WHAT THE TASK REQUIRES
Every line of the listing below from the one with "科大協理副校長譚嘉因教授(右一)恭賀東南大學、南京理工大學及科大的獲獎隊伍。" up to and including the one with "The Nando’s Sliders" should be retyped exactly, and nothing else; pictures are not part of the copy.
+++ AVAILABLE RECORDS +++
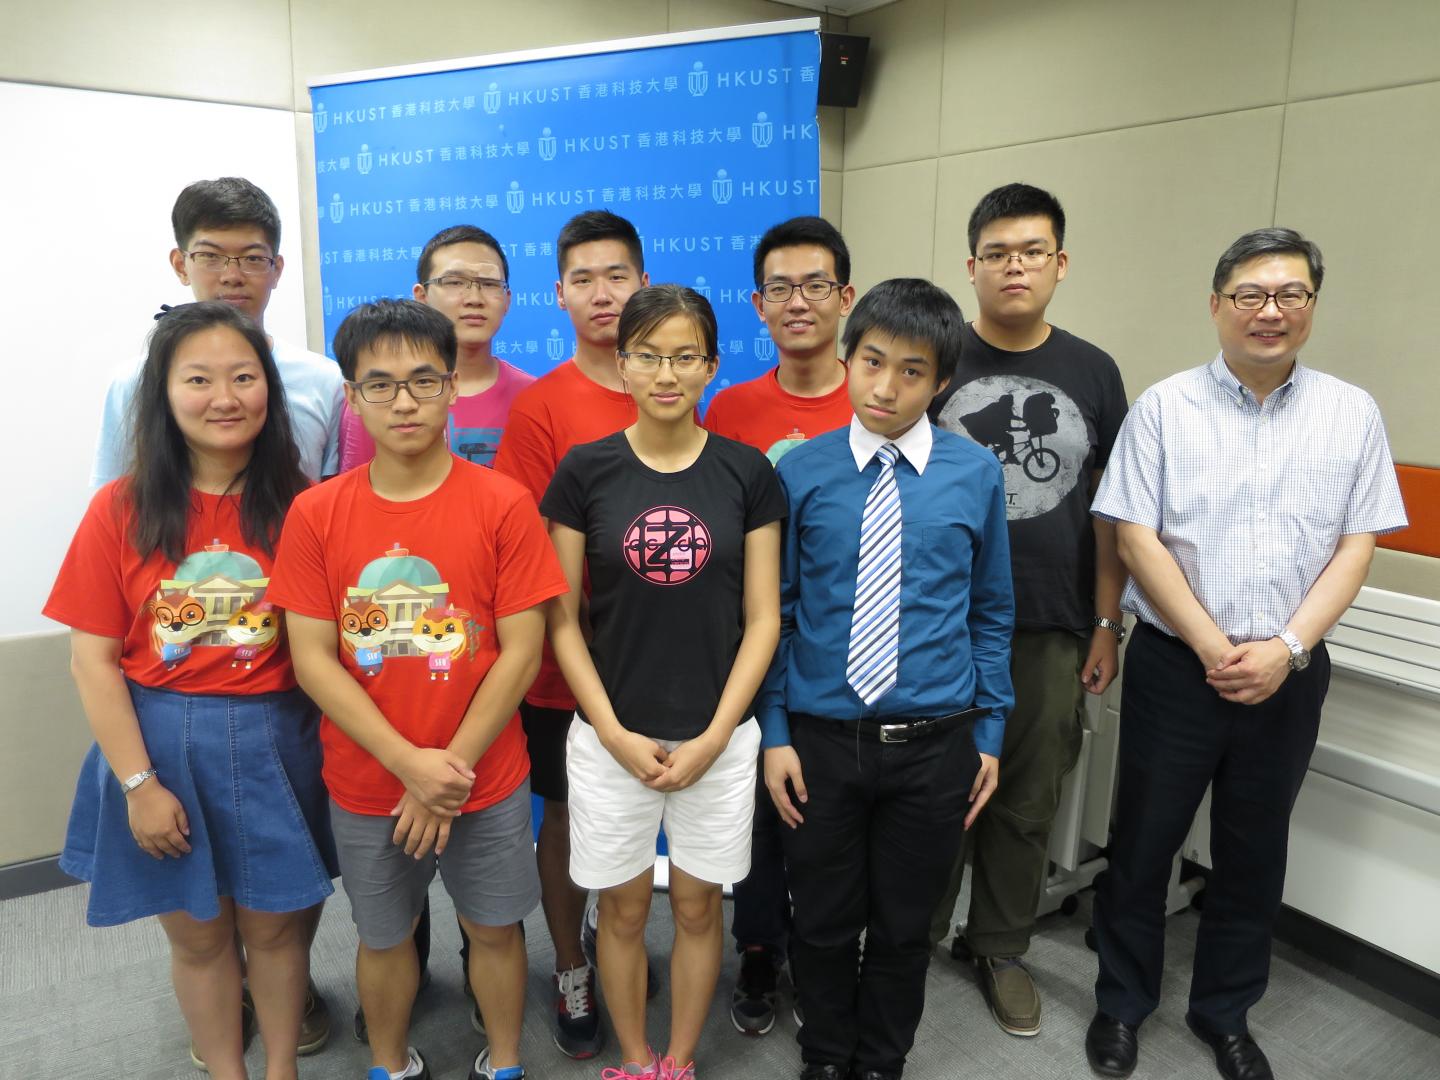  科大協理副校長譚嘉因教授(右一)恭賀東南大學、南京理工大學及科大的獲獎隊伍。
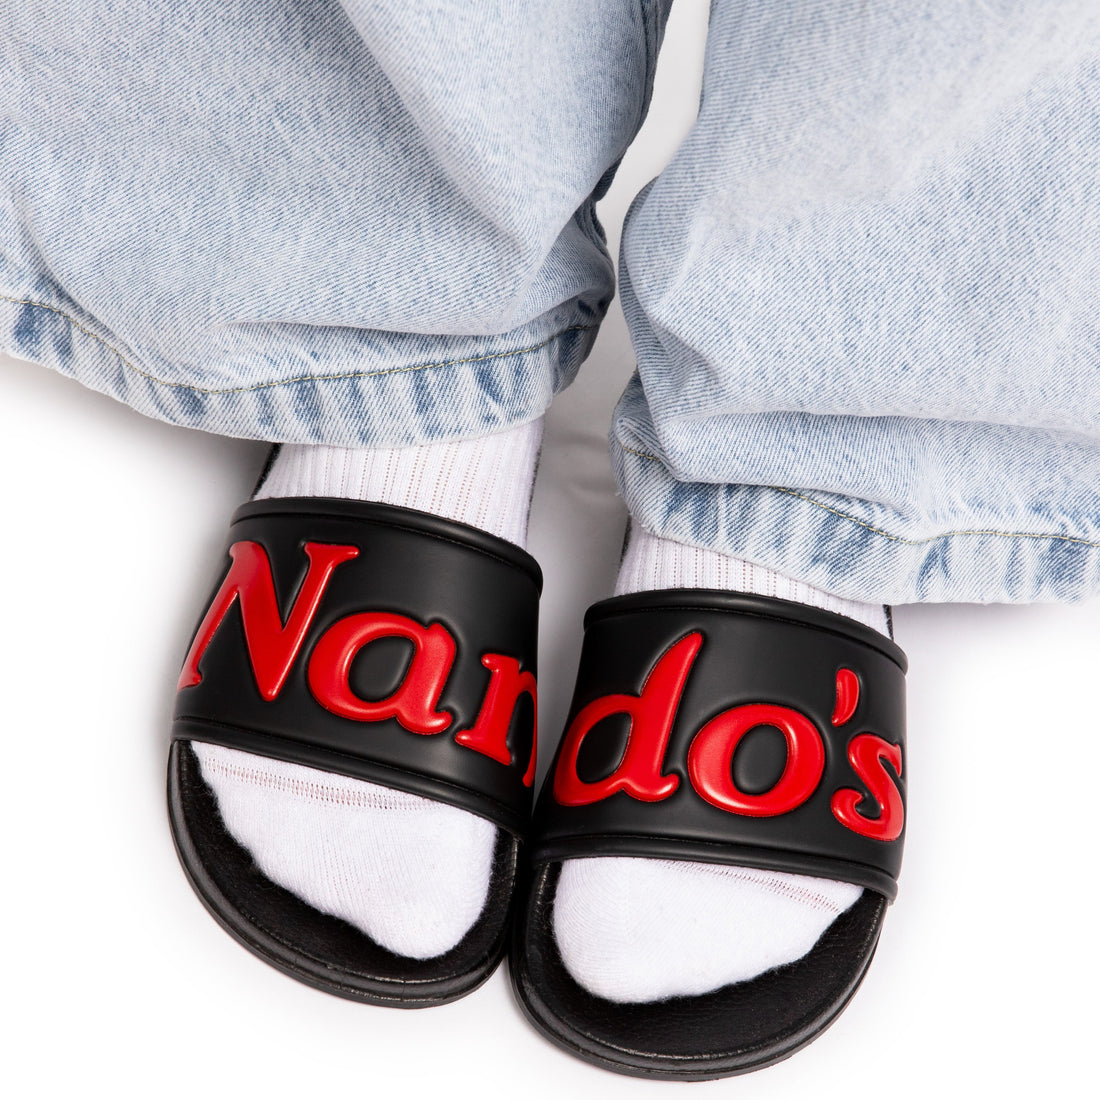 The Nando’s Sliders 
+++
+++ AVAILABLE RECORDS +++
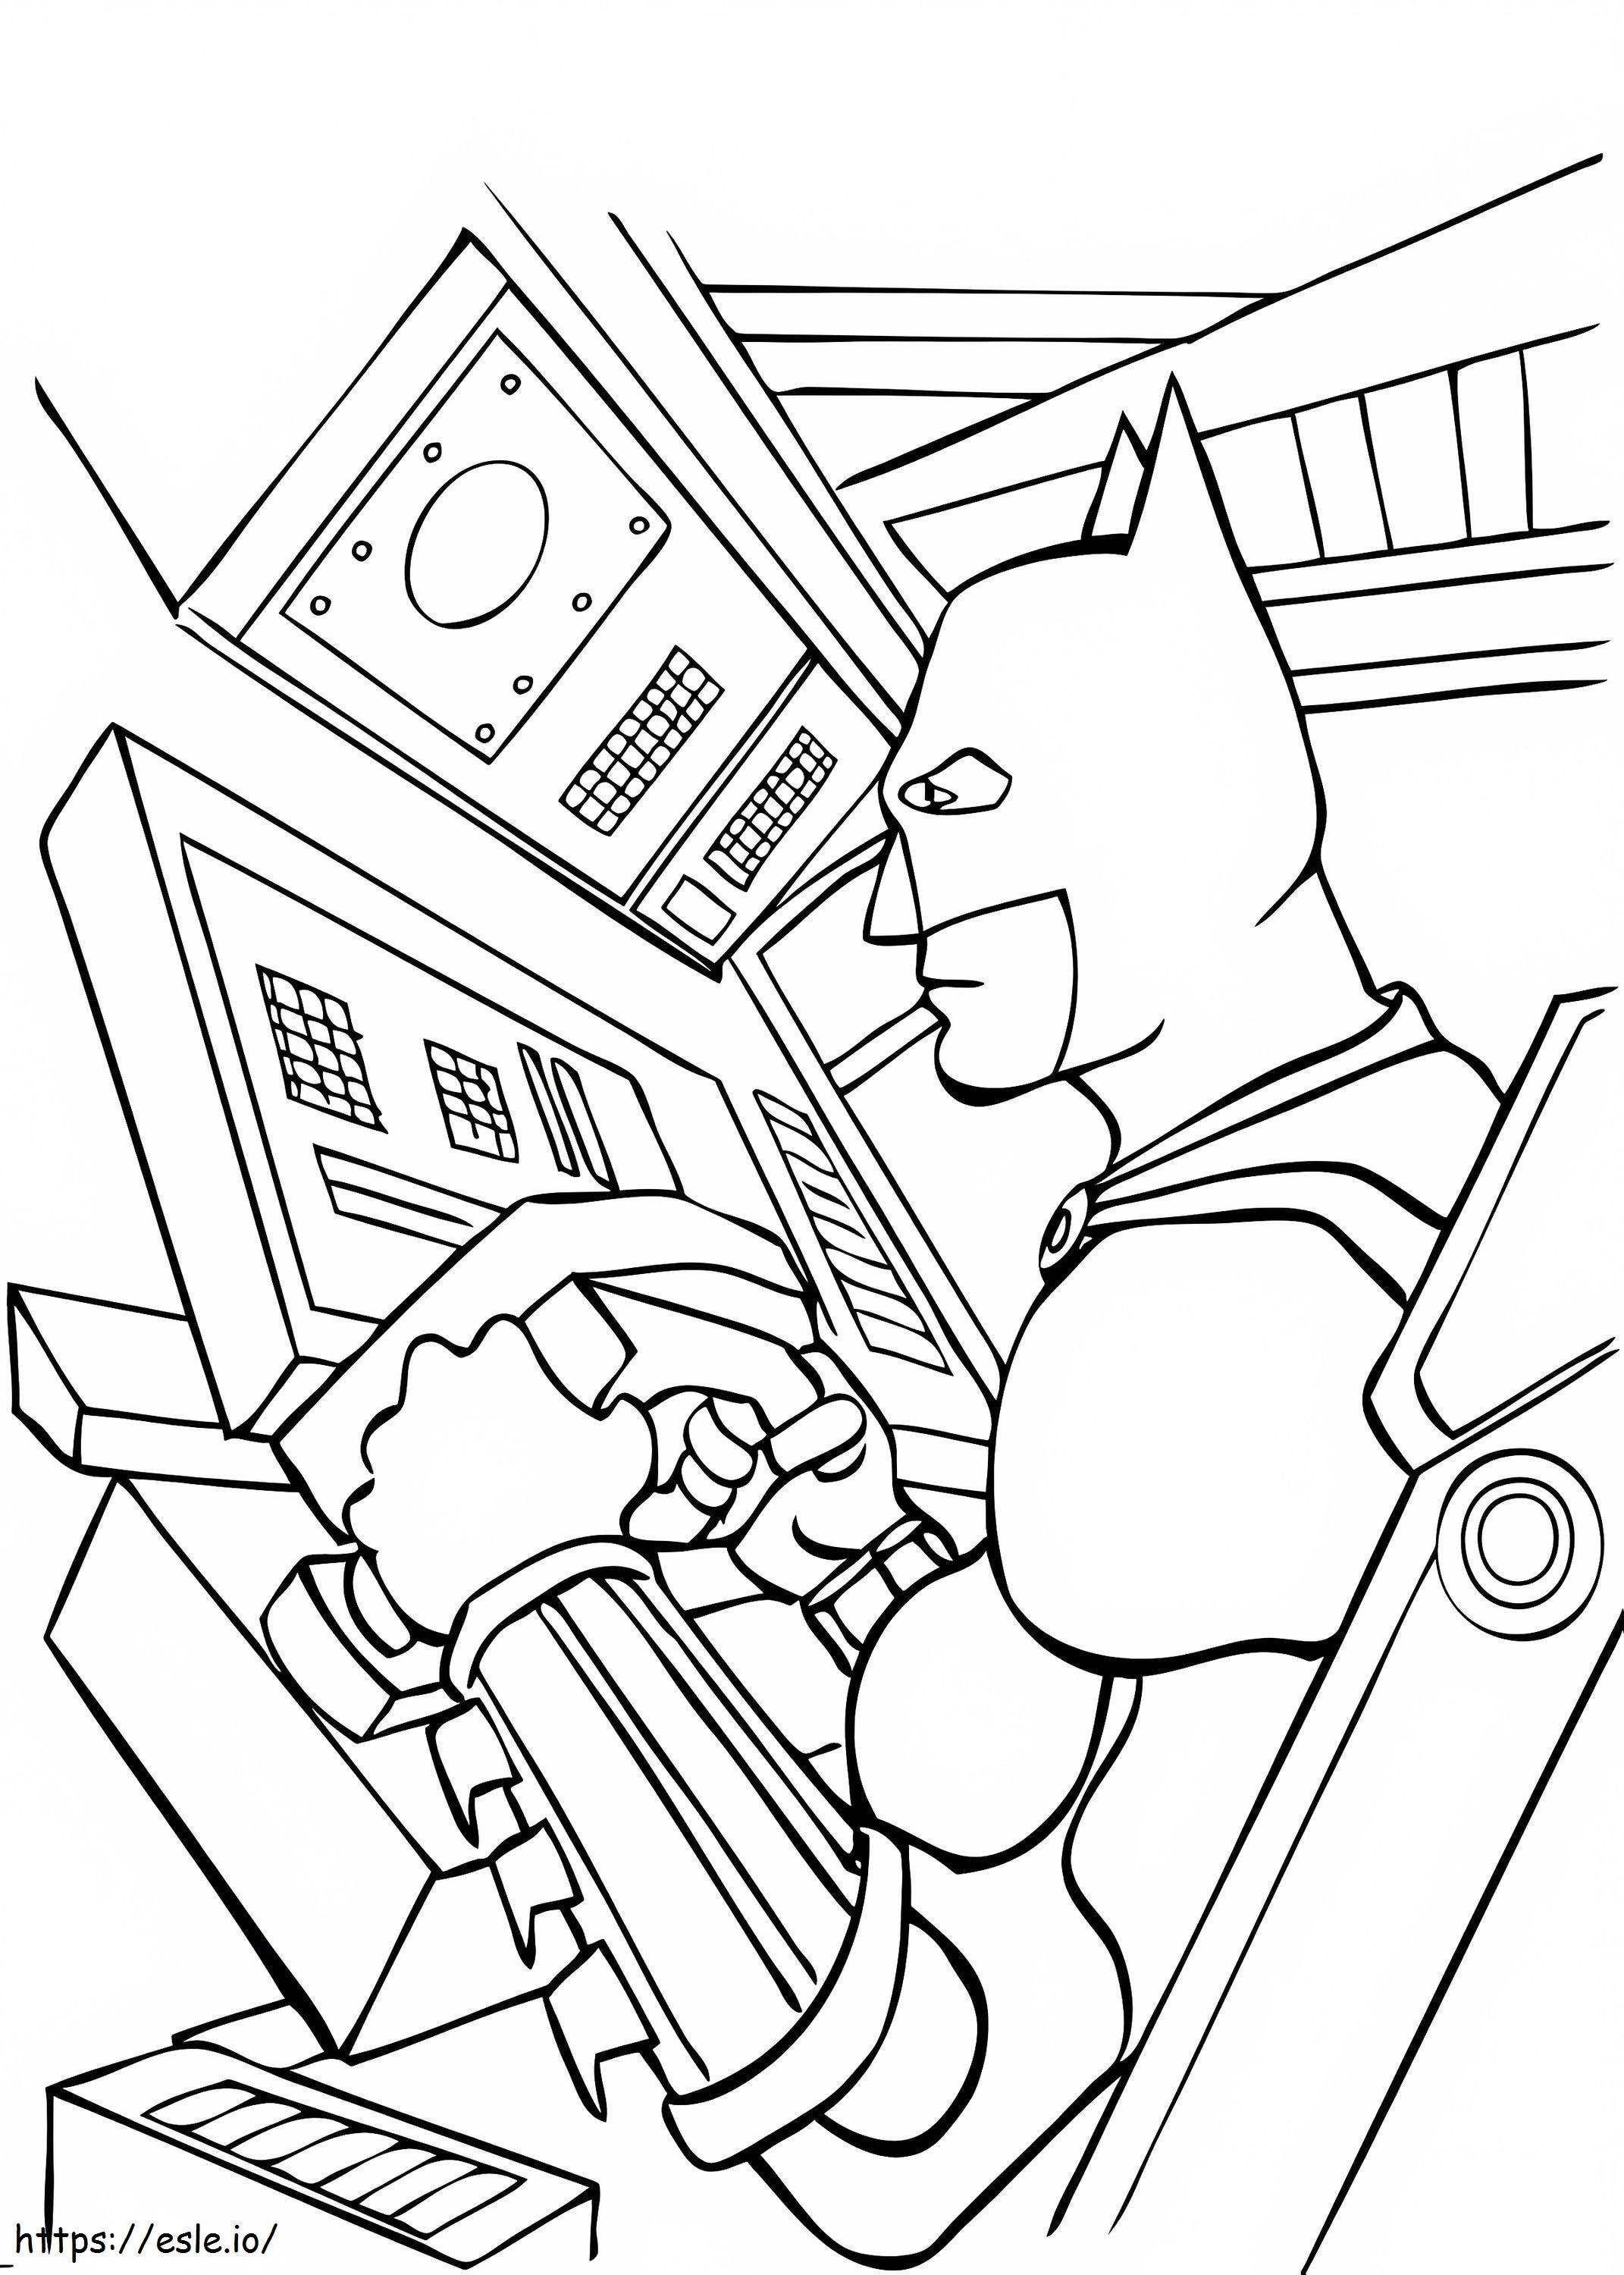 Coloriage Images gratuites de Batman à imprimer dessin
+++
COMPLETED EXERCISE
  科大協理副校長譚嘉因教授(右一)恭賀東南大學、南京理工大學及科大的獲獎隊伍。
 The Nando’s Sliders 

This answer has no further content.